North American Indian childhood cirrhosis is a rare liver disorder that occurs in children. The liver malfunction causes yellowing of the skin and whites of the eyes (jaundice) in affected infants. The disorder worsens with age, progressively damaging the liver and leading to chronic, irreversible liver disease (cirrhosis) in childhood or adolescence. Unless it is treated with liver transplantation, North American Indian childhood cirrhosis typically causes life-threatening complications including liver failure.
North American Indian childhood cirrhosis has been found only in children of Ojibway-Cree descent in the Abitibi region of northwestern Quebec, Canada. At least 30 affected individuals from this population have been reported.

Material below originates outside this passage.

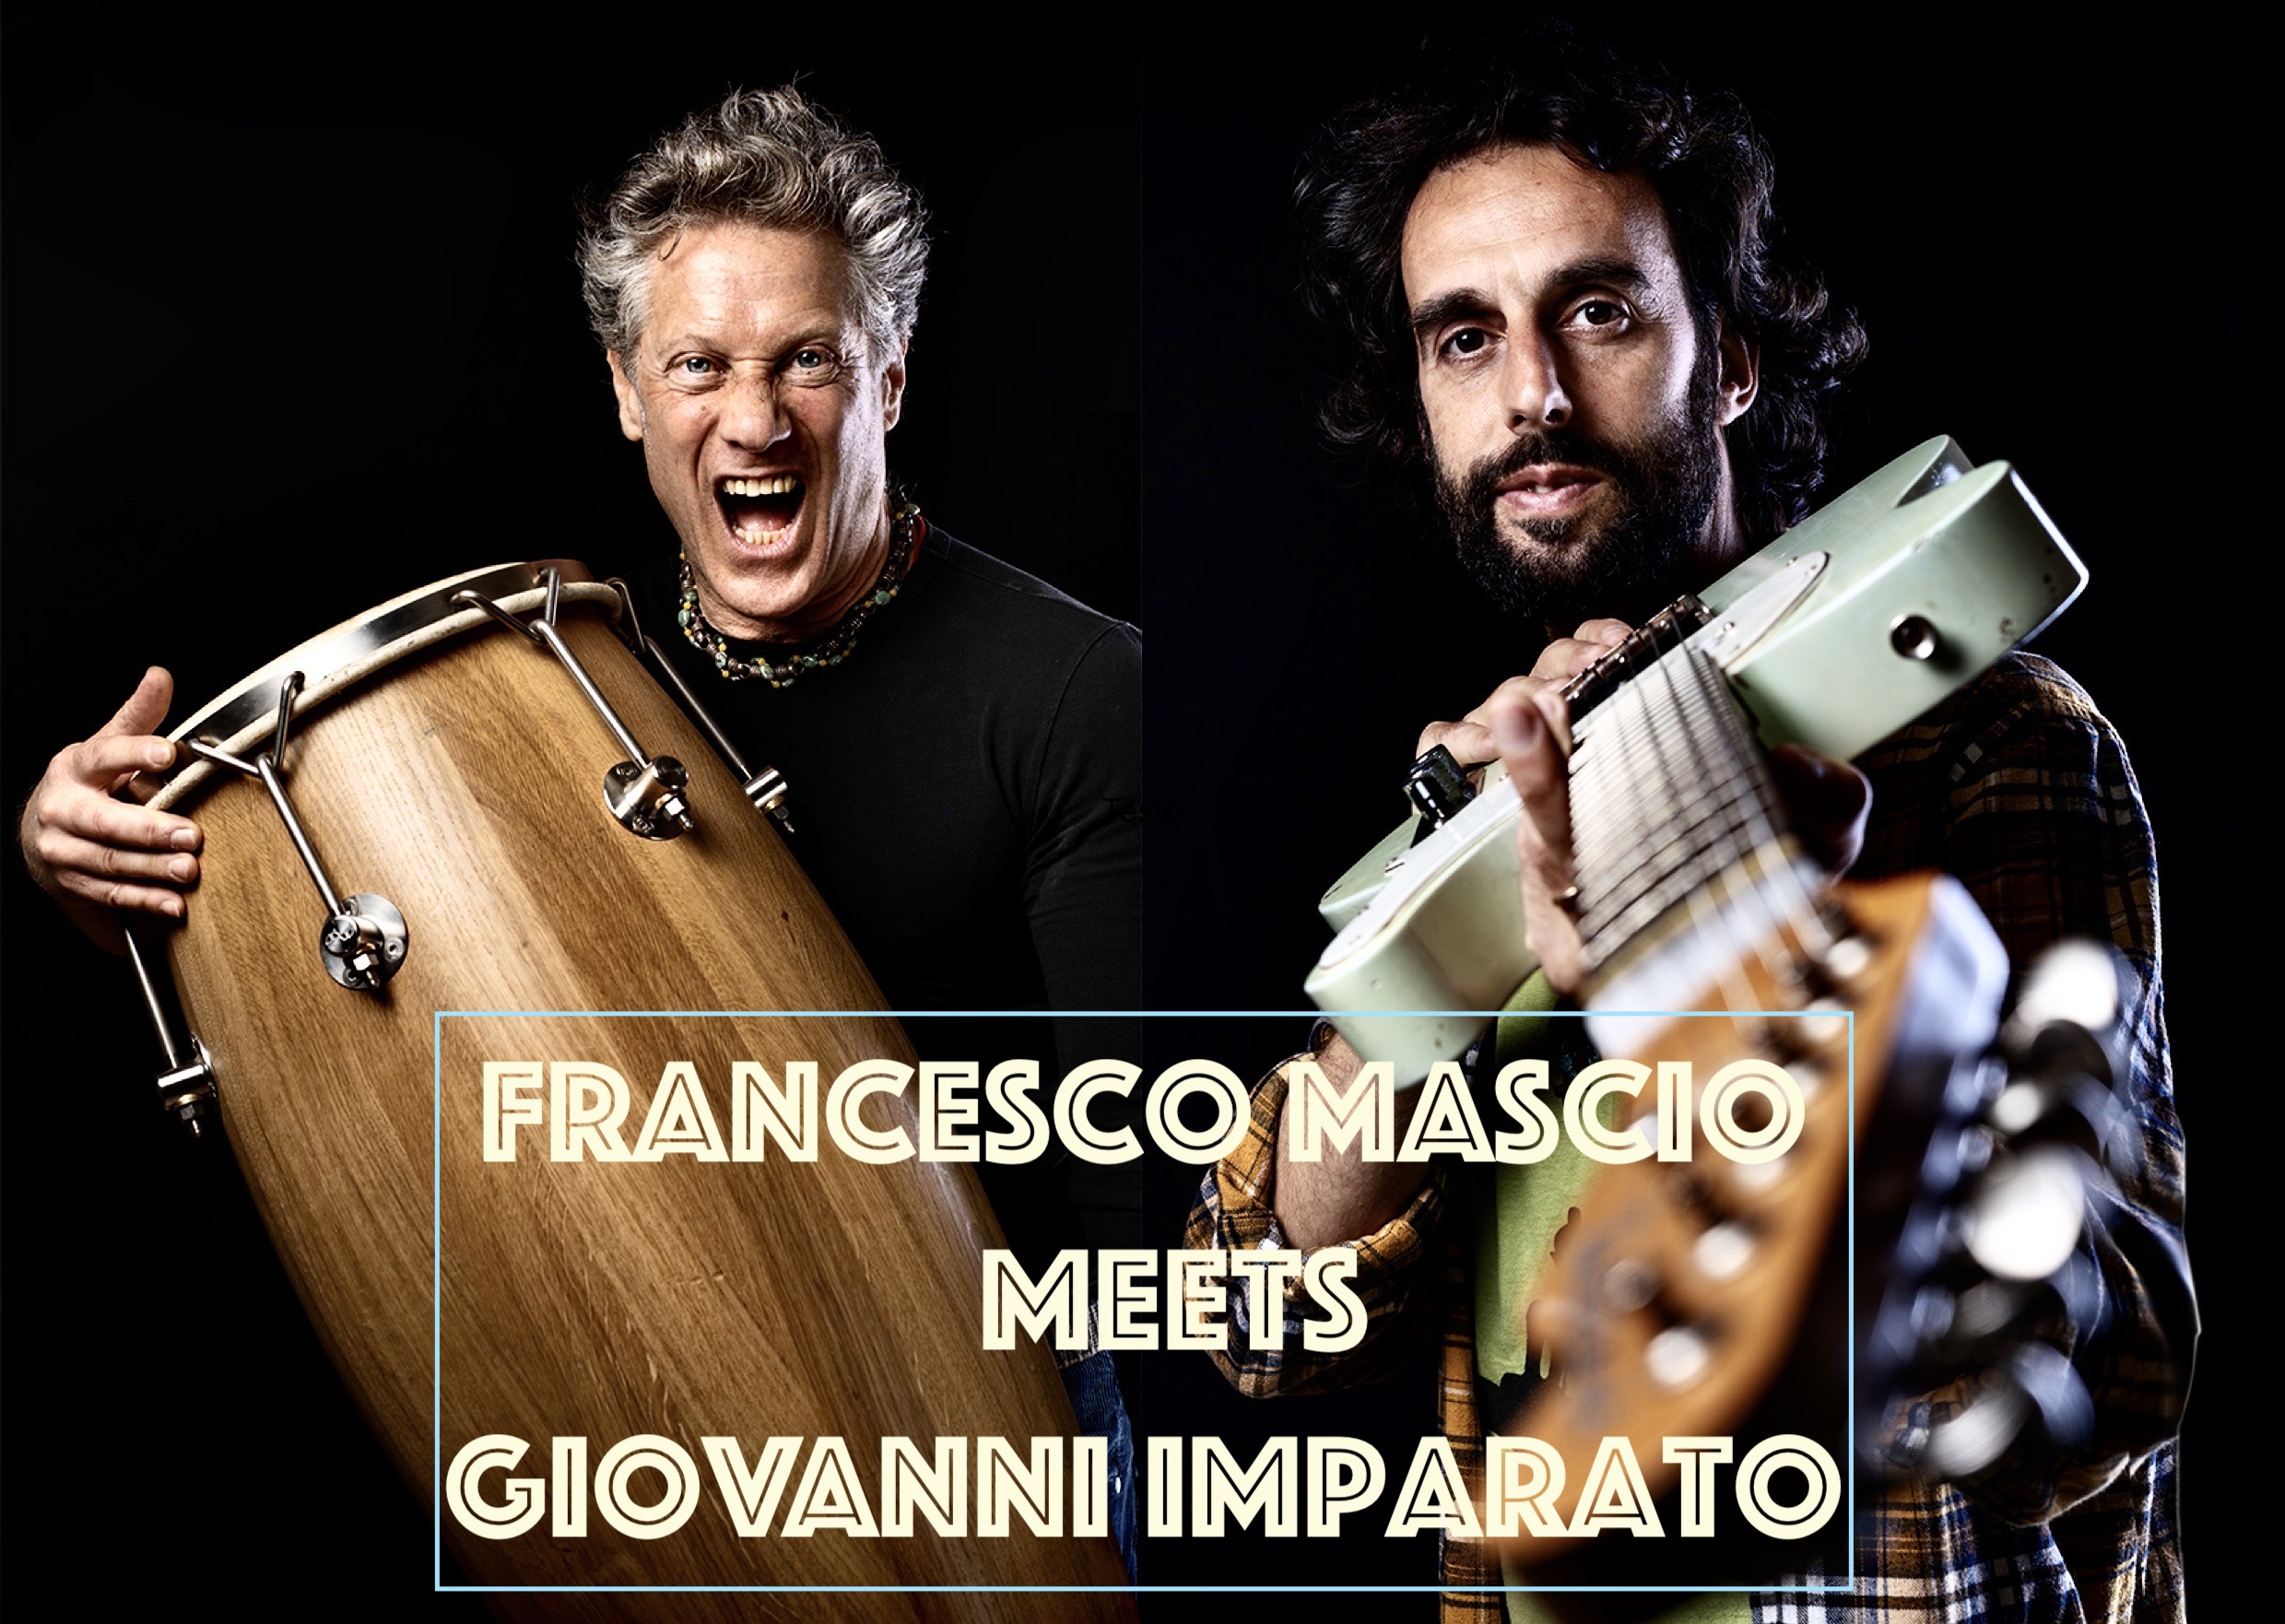 Francesco Mascio meets Giovanni Imparato

North American Indian childhood cirrhosis results from at least one known mutation in the UTP4 gene. This gene provides instructions for making a protein called cirhin, whose precise function is unknown. Within cells, cirhin is located in a structure called the nucleolus, which is a small region inside the nucleus where ribosomal RNA (rRNA) is produced. A chemical cousin of DNA, rRNA is a molecule that helps assemble protein building blocks (amino acids) into functioning proteins. Researchers believe that cirhin may play a role in processing rRNA. Studies also suggest that cirhin may function by interacting with other proteins.
Cirhin is found in many different types of cells, so it is unclear why the effects of North American Indian childhood cirrhosis appear to be limited to the liver. Researchers are working to determine how a UTP4 gene mutation causes the progressive liver damage characteristic of this disorder.
This condition is inherited in an autosomal recessive pattern, which means both copies of the gene in each cell have mutations. The parents of an individual with an autosomal recessive condition each carry one copy of the mutated gene, but they typically do not show signs and symptoms of the condition.